Data for this task:
-------

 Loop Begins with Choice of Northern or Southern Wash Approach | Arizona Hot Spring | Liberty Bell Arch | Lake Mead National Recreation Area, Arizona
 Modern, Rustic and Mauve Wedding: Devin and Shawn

-------

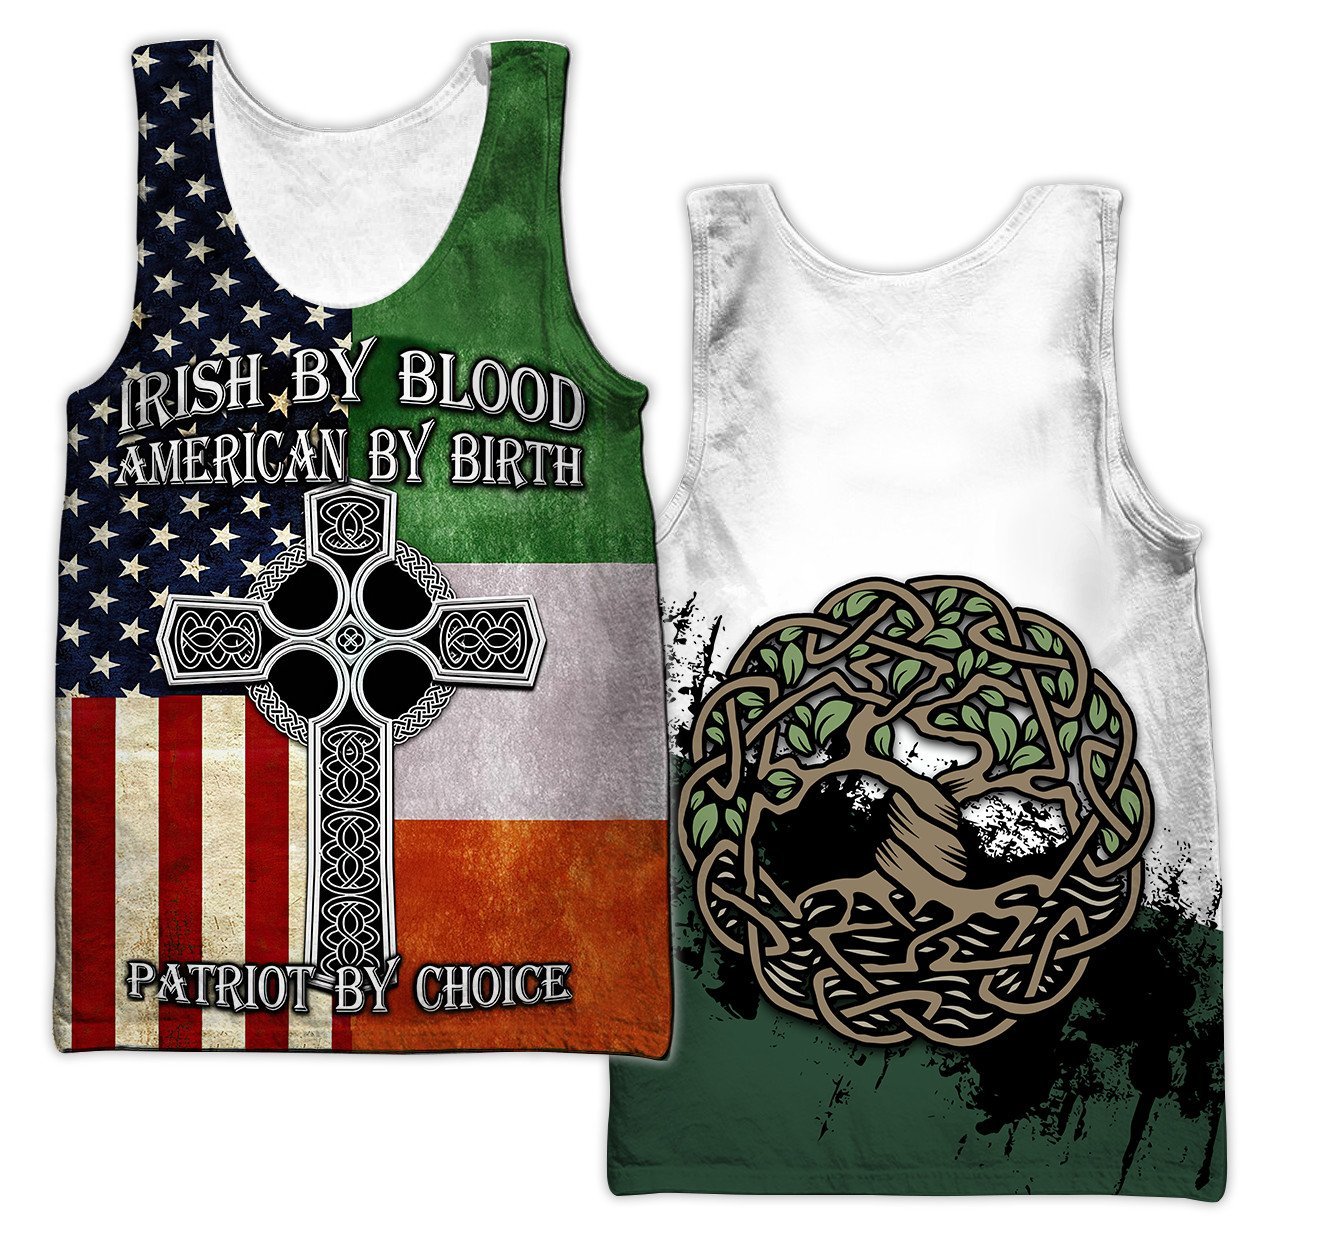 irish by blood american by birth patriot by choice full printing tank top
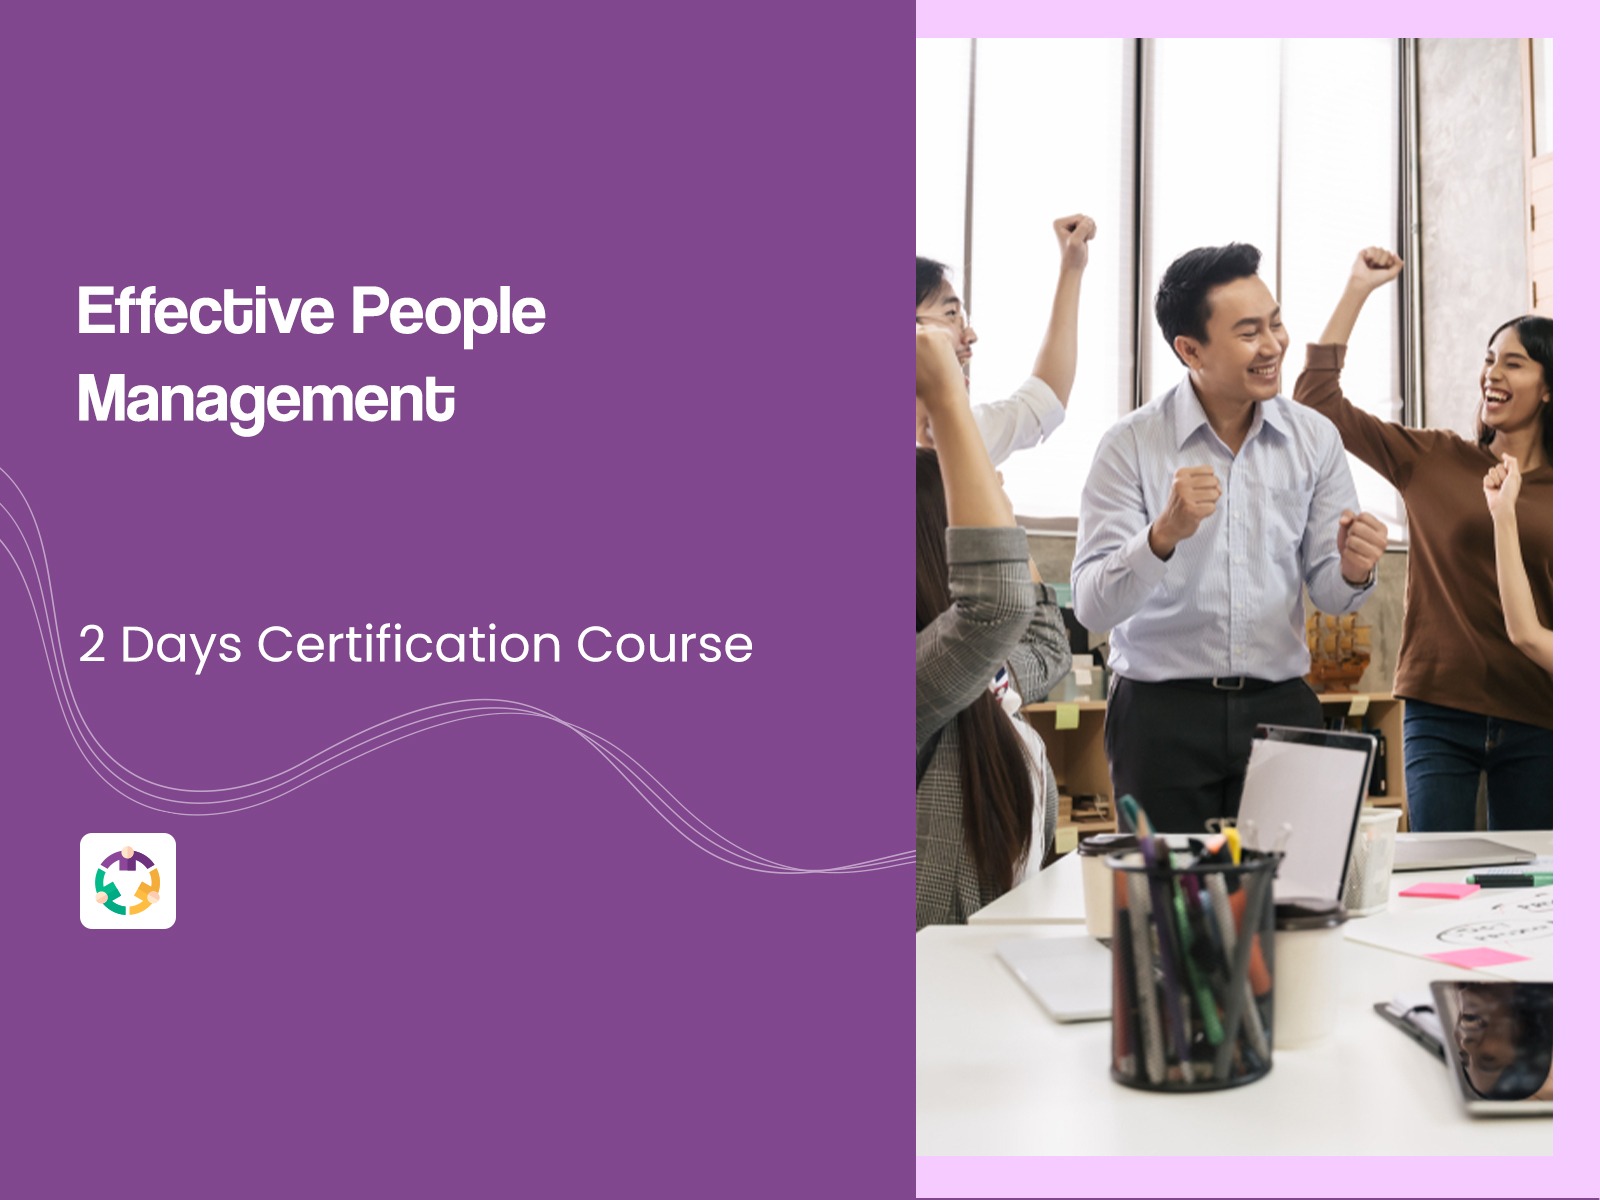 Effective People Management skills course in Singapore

-------

Everything in the material above from the line that has "Loop Begins with" through the line that has "Modern, Rustic and" must be duplicated exactly, with no other lines given.

 Loop Begins with Choice of Northern or Southern Wash Approach | Arizona Hot Spring | Liberty Bell Arch | Lake Mead National Recreation Area, Arizona
 Modern, Rustic and Mauve Wedding: Devin and Shawn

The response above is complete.